The lawsuit was first launched in 2005 then resubmitted in 2017 after the groups said the Trump administration worsened the prospect of refugees' rights being upheld. Specifically, the groups say sending refugees back to the U.S. violates their rights under Sections 7 and 15 of the Canadian Charter of Rights and Freedoms.

According to a backgrounder on the case,

Section 7 is violated because refugees are at risk of refoulement (or forced return) from the U.S. to persecution, torture, death.

Section 7 is also violated because claimants are unjustly detained in the U.S.

Section 15 is violated because women are disproportionately badly affected by the shortcomings in the U.S. refugee protection regime.

Refugees who are sent back to the U.S., the groups say, may be subjected to expedited removal process or may face roadblocks in making an asylum claim. They may miss the one-year deadline to make their asylum claim, perhaps because they were unable to access legal representation because they were detained under appalling conditions.

An excerpt from the groups' legal argument points to some of the Trump administration's anti-immigrant policies:

The evidence now before the court establishes that the refugee claimants that Canada turns away at our borders are exposed to grave risks of detention and mistreatment in the U.S. and refoulement. Refugee claimants are being detained indefinitely, in conditions that are nothing short of cruel and unusual, simply for seeking protection. Those who failed to start their U.S. claims within a year of first arrival are barred from ever obtaining asylum. Whole classes of people are being excluded from protection under the Refugee Convention, including women fleeing gender-based persecution and those fleeing gang violence.

In efforts to discourage and prevent people from even seeking protection in the U.S., the administration has issued transit bans targeting Muslims, instituted "zero-tolerance" policies targeting Central American refugees, separated children from their parents and detained them, refused entry to almost all people seeking asylum at the southwestern border, and most recently rendered ineligible for asylum anyone who could have made a claim elsewhere before coming to the U.S.

Alex Neve, Amnesty International Canada's secretary attention, drew attention to the case in a recent Twitter thread in which he criticized "the indefensible and immoral fiction that the U.S. has an admirable refugee protection record.
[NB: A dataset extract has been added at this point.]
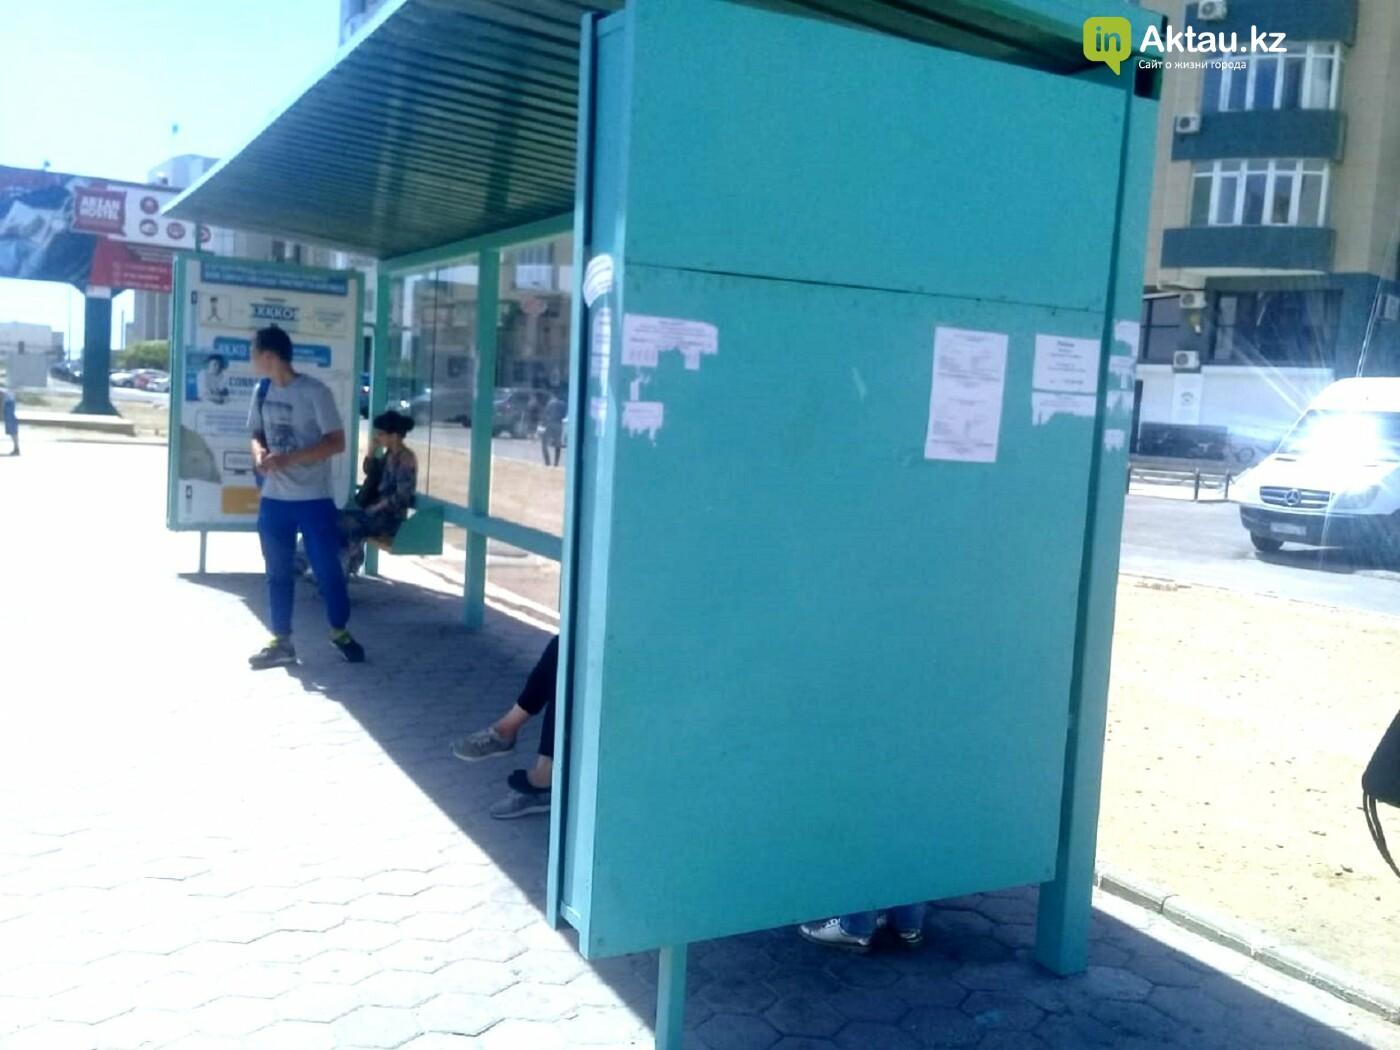 """""""Я такого ни в одном городе не встречал"""":  гость Актау высказался о благоустройстве города, фото-1"""

Nothing could be further from the despicable truth."

The "cascading series of viciously, intentionally cruel (and unlawful) policies implemented over the past 2 1/2 years by the Trump administration," Neve wrote, are cause to end the Safe Third Country Agreement.

The "incoming Justin Trudeau government," Neve continued, "must call out U.S. refugee and border policy for what it is, disgraceful and illegal, and nothing that we will countenance or cooperate with in any way."

"The time for Canada to rely on the adequacy of the U.S. protection regime has come to a definitive end," added Justin Mohammed, Human Rights Law and Policy Campaigner at Amnesty International, in a statment.  "In the absence of action on the part of Canada's elected representatives to acknowledge the serious shortcomings of the U.S. refugee protection system, we now turn to the courts to ensure that Canada’s domestic and international legal obligations are upheld."  

The groups are set to hold a rally Monday outside the federal court in Toronto.